■ TASK PROMPT ■
Return the records exactly, from the first line through the "Wallpaper Neon, Lines, Plexus, Green" line.

■ EXCERPTED RECORDS ■
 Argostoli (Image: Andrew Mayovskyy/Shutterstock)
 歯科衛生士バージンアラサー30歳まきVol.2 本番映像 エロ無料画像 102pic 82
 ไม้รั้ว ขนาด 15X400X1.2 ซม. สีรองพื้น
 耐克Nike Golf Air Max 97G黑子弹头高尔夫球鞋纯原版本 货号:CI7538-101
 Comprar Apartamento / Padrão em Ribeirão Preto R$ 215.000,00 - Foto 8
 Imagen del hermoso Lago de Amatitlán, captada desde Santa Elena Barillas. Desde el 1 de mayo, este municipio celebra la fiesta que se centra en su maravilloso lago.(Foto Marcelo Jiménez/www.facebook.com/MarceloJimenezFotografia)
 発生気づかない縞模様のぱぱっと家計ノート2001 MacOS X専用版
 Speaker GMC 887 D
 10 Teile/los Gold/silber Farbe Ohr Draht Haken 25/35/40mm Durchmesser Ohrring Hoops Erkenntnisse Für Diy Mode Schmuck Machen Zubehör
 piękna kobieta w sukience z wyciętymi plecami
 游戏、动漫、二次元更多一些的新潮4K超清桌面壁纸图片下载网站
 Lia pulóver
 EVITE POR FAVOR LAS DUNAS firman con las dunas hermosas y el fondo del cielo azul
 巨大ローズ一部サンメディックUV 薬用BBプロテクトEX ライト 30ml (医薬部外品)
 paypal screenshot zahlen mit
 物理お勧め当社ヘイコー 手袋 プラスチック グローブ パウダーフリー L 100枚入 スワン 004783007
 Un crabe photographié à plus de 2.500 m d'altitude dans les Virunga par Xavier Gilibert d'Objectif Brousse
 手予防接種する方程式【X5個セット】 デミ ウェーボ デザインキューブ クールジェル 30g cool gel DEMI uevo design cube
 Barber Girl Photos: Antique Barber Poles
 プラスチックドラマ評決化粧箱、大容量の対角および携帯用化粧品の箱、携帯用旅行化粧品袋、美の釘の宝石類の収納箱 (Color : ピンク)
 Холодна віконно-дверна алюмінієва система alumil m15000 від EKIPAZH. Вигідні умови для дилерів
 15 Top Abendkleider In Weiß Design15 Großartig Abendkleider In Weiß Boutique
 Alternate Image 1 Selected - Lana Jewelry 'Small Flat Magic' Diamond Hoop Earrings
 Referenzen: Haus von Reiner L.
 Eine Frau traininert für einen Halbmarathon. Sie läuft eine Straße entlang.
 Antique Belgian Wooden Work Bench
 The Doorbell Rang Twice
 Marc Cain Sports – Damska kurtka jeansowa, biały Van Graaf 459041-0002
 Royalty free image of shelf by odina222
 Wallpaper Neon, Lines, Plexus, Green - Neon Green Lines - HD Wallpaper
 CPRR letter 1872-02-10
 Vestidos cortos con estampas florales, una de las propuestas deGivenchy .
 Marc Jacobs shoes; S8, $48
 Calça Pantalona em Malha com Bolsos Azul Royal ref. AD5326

■ ANSWER BOX ■
 Argostoli (Image: Andrew Mayovskyy/Shutterstock)
 歯科衛生士バージンアラサー30歳まきVol.2 本番映像 エロ無料画像 102pic 82
 ไม้รั้ว ขนาด 15X400X1.2 ซม. สีรองพื้น
 耐克Nike Golf Air Max 97G黑子弹头高尔夫球鞋纯原版本 货号:CI7538-101
 Comprar Apartamento / Padrão em Ribeirão Preto R$ 215.000,00 - Foto 8
 Imagen del hermoso Lago de Amatitlán, captada desde Santa Elena Barillas. Desde el 1 de mayo, este municipio celebra la fiesta que se centra en su maravilloso lago.(Foto Marcelo Jiménez/www.facebook.com/MarceloJimenezFotografia)
 発生気づかない縞模様のぱぱっと家計ノート2001 MacOS X専用版
 Speaker GMC 887 D
 10 Teile/los Gold/silber Farbe Ohr Draht Haken 25/35/40mm Durchmesser Ohrring Hoops Erkenntnisse Für Diy Mode Schmuck Machen Zubehör
 piękna kobieta w sukience z wyciętymi plecami
 游戏、动漫、二次元更多一些的新潮4K超清桌面壁纸图片下载网站
 Lia pulóver
 EVITE POR FAVOR LAS DUNAS firman con las dunas hermosas y el fondo del cielo azul
 巨大ローズ一部サンメディックUV 薬用BBプロテクトEX ライト 30ml (医薬部外品)
 paypal screenshot zahlen mit
 物理お勧め当社ヘイコー 手袋 プラスチック グローブ パウダーフリー L 100枚入 スワン 004783007
 Un crabe photographié à plus de 2.500 m d'altitude dans les Virunga par Xavier Gilibert d'Objectif Brousse
 手予防接種する方程式【X5個セット】 デミ ウェーボ デザインキューブ クールジェル 30g cool gel DEMI uevo design cube
 Barber Girl Photos: Antique Barber Poles
 プラスチックドラマ評決化粧箱、大容量の対角および携帯用化粧品の箱、携帯用旅行化粧品袋、美の釘の宝石類の収納箱 (Color : ピンク)
 Холодна віконно-дверна алюмінієва система alumil m15000 від EKIPAZH. Вигідні умови для дилерів
 15 Top Abendkleider In Weiß Design15 Großartig Abendkleider In Weiß Boutique
 Alternate Image 1 Selected - Lana Jewelry 'Small Flat Magic' Diamond Hoop Earrings
 Referenzen: Haus von Reiner L.
 Eine Frau traininert für einen Halbmarathon. Sie läuft eine Straße entlang.
 Antique Belgian Wooden Work Bench
 The Doorbell Rang Twice
 Marc Cain Sports – Damska kurtka jeansowa, biały Van Graaf 459041-0002
 Royalty free image of shelf by odina222
 Wallpaper Neon, Lines, Plexus, Green - Neon Green Lines - HD Wallpaper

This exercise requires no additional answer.